Barriers to Widespread Adoption
Despite accumulating evidence and promising therapeutic candidates, routine CHIP assays for older individuals are not yet standard practice. Reasons cited include:
- The high cost of accurate assays (e.g., $950 for deep sequencing panels)
- The potential for inducing anxiety with high-risk results in patients.
Prioritizing the development of precise, low-cost CHIP assays is crucial, alongside dedicated clinical trials for drugs that improve outcomes.
A Call for Action and Future Guidelines
Currently, a limited number of academic centers, including the University of Chicago, Cleveland Clinic, and Yale Medicine (which has a hybrid cardio-oncology CHIP clinic), have established dedicated CHIP clinics. Experts advocate for making CHIP assessment more widely available and affordable for select individuals, such as those aged 70 and above. The information provided by CHIP is considered more specific than general inflammation markers like high-sensitivity C-reactive protein.

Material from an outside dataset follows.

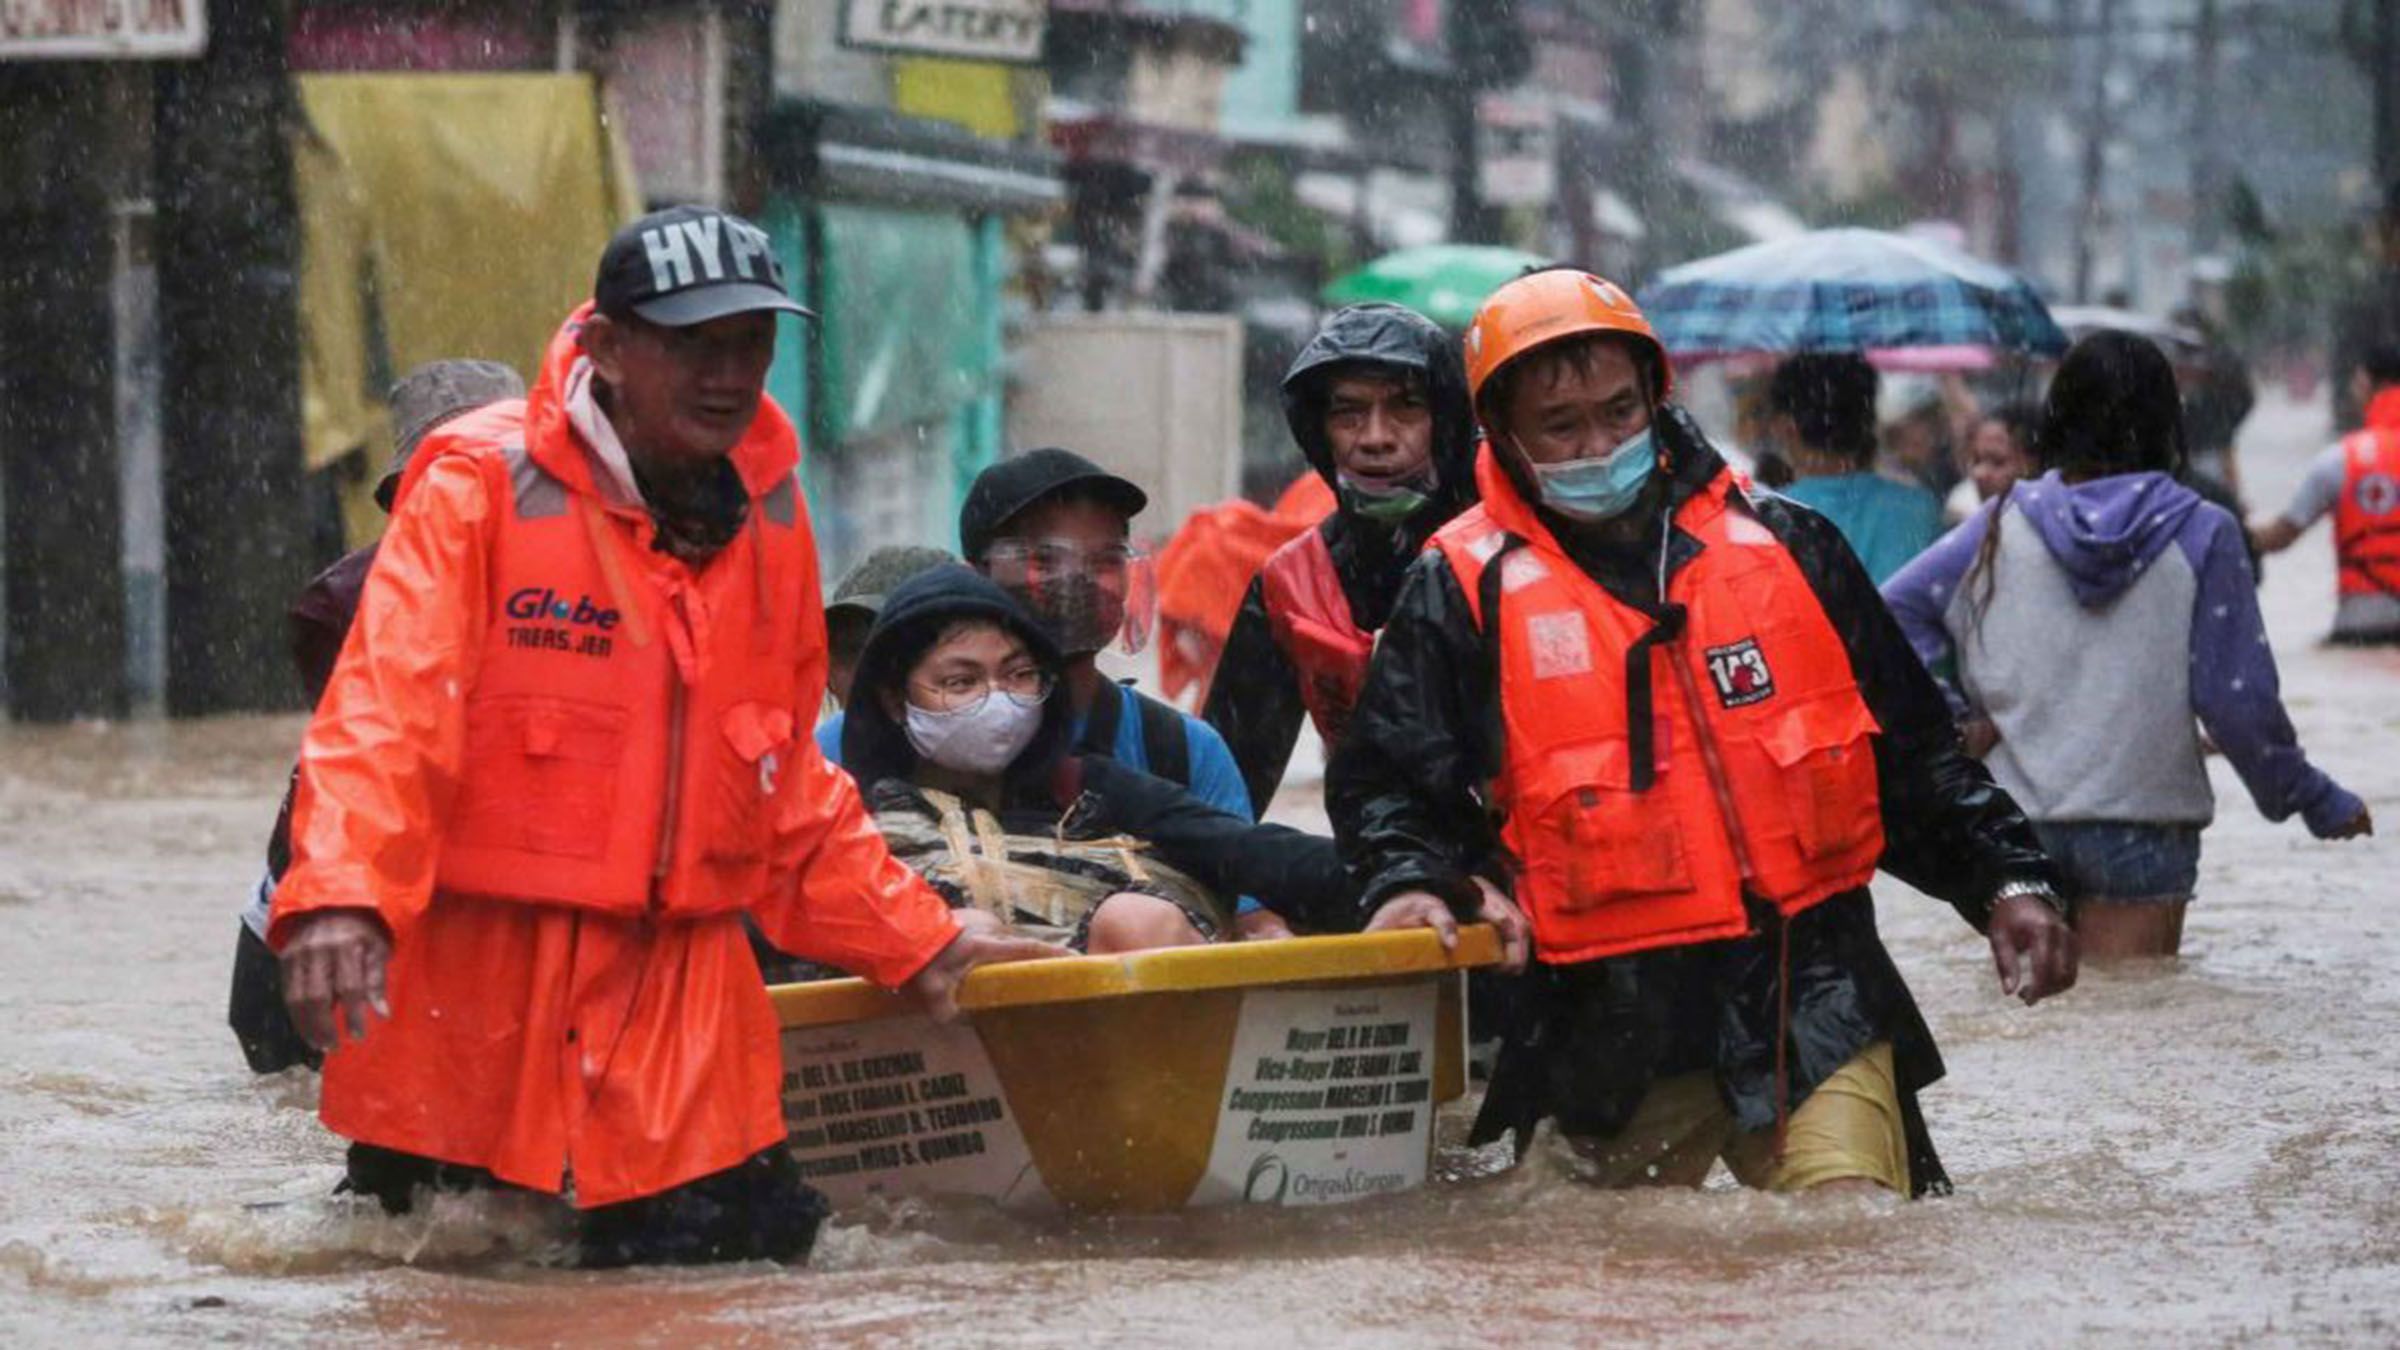 Rethinking Disaster Response in the Philippines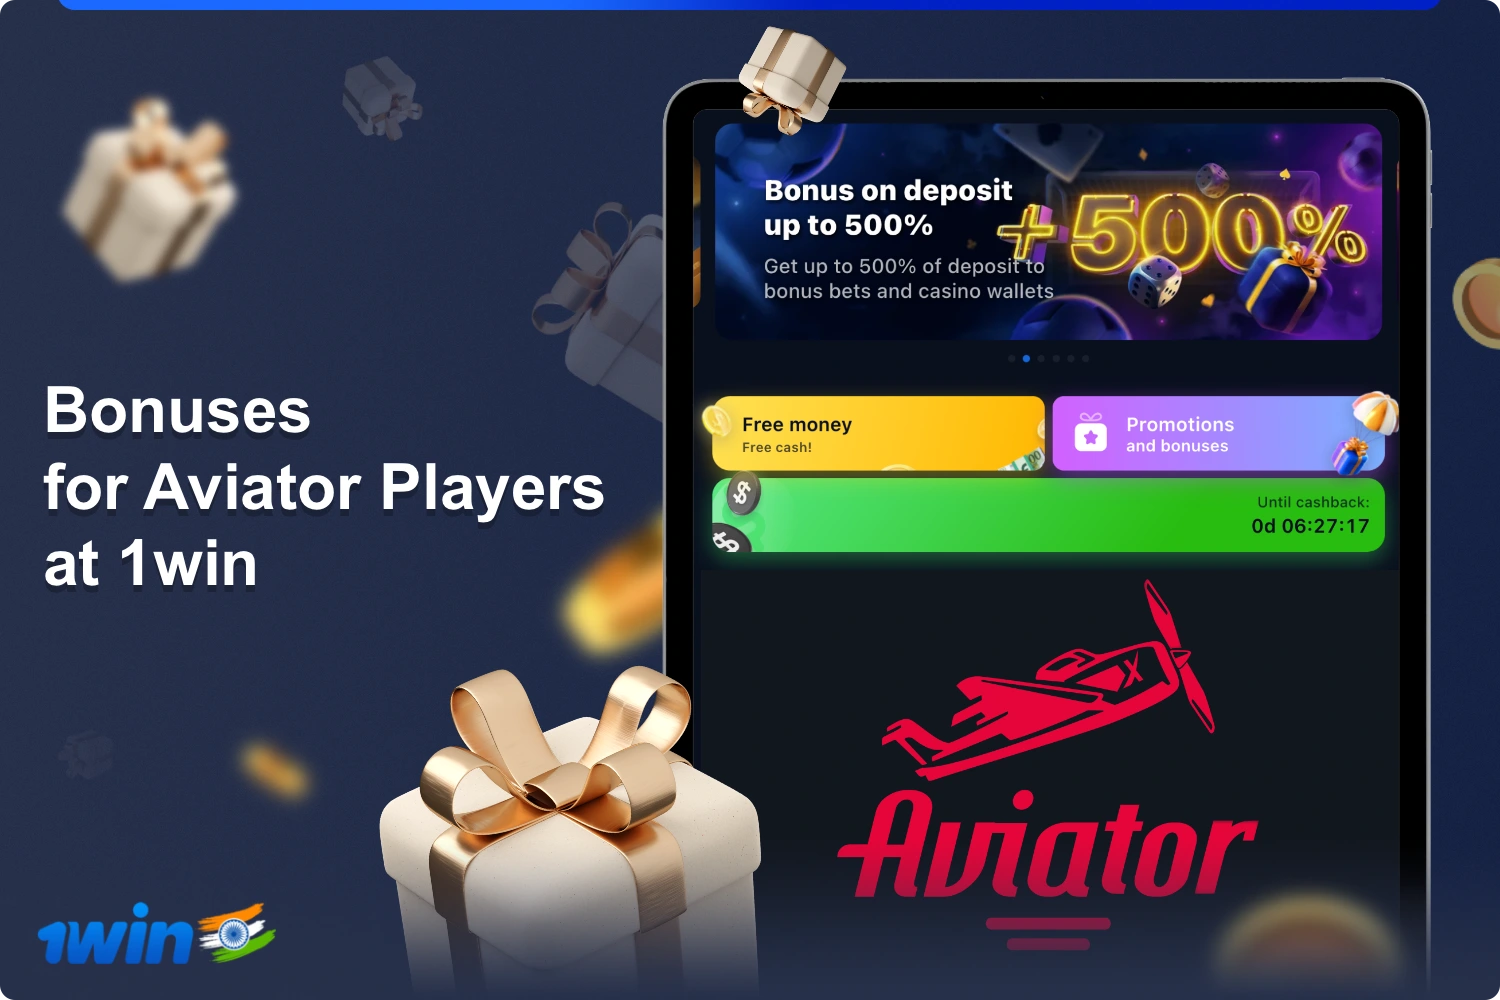 1win users from India have access to a variety of bonuses for the online game Aviator

There is a growing call to rename the acronym to "Clonal Hematopoiesis of Important Potential," removing the "indeterminate" qualifier, to better reflect its significant clinical implications. It is anticipated that professional societies in cardiology, hematology, and oncology will eventually incorporate CHIP diagnosis and treatment utility into new guidelines, similar to the recent adoption of Lp(a) and ApoB in lipid management.